Intl Ctr for HRs & Dem Dev 09 – Absent procedural reforms, resolution of investor-state disputes will happen in
the shadows
Luke Eric Peterson [International investment arbitration reporter and consultant and has reported on investor-state arbitration for The
Financial Times, The Economist and The American Lawyer; Affiliate, Investment Law Project, NYU Law School.] “Human Rights and
Bilateral Investment Treaties: Mapping the role of human rights law within investor-state arbitration” (2009) INTERNATIONAL CENTRE
FOR HUMAN RIGHTS AND DEMOCRATIC DEVELOPMENT <accessed August 31, 2010> http://www.dd-
rd.ca/site/_PDF/publications/globalization/HIRA-volume3-ENG.pdf (EG)

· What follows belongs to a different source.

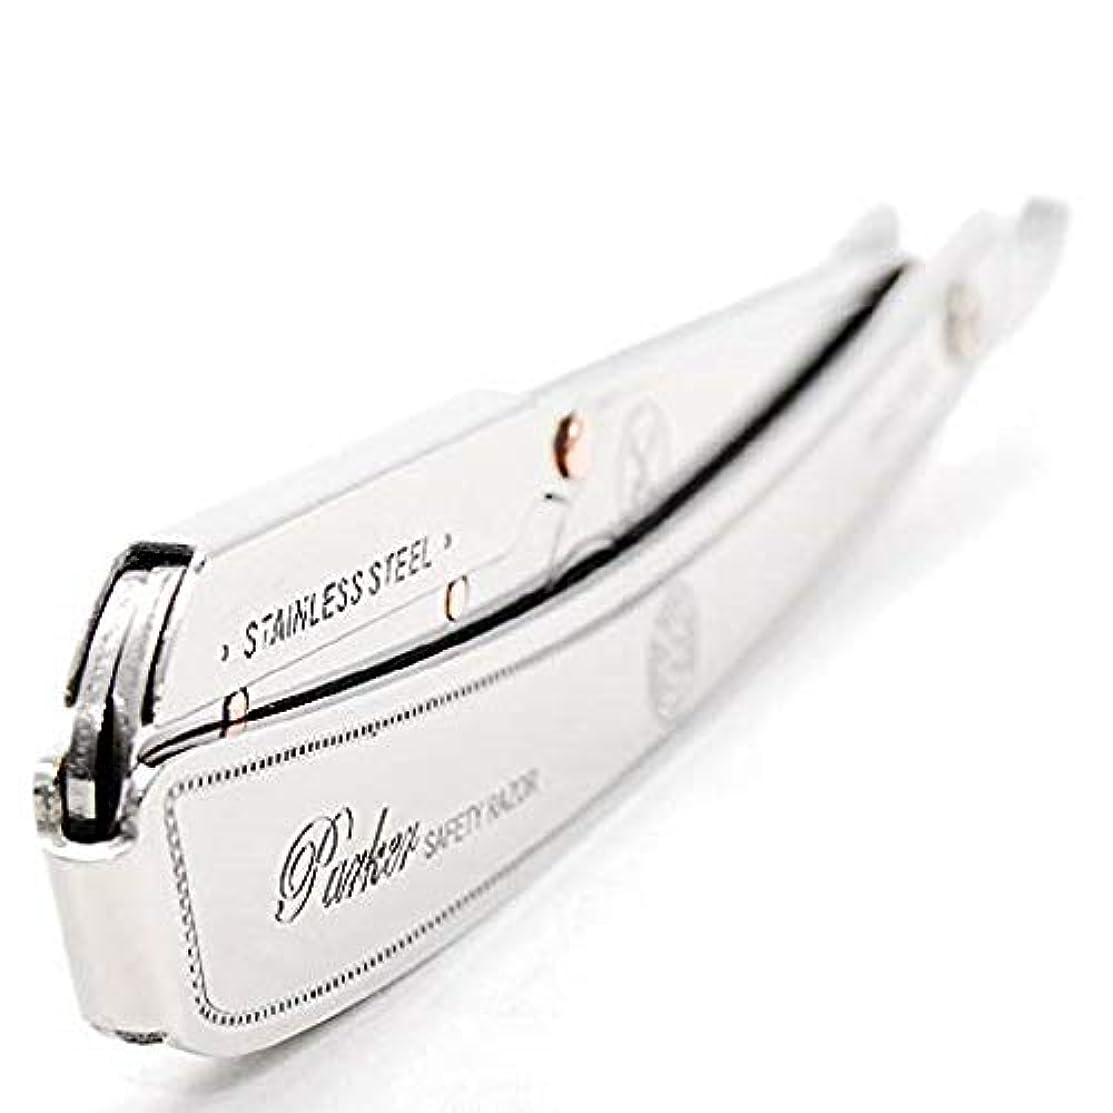 結核不運許すパーカー(Parker) SRX 剃刀 プロ用 替刃100枚の2点セット [並行輸入品]

“Although the ICSID [International Centre for Settlement of Investment Disputes] system offers the greatest level
of transparency thanks to a public docket listing all cases being arbitrated at the Centre, ICSID proceedings are
themselves closed to the public unless both parties desire openness. What’s more, a move several years ago to bring
greater transparency to ICSID proceedings was watered down in the face of objections from many ICSID
stakeholders. To the extent that governments continue to negotiate investment treaties which draw upon
procedural rules that provide for scant levels of transparency, the resolution of investor-state disputes will
continue to take place (to varying degrees) in the shadows.”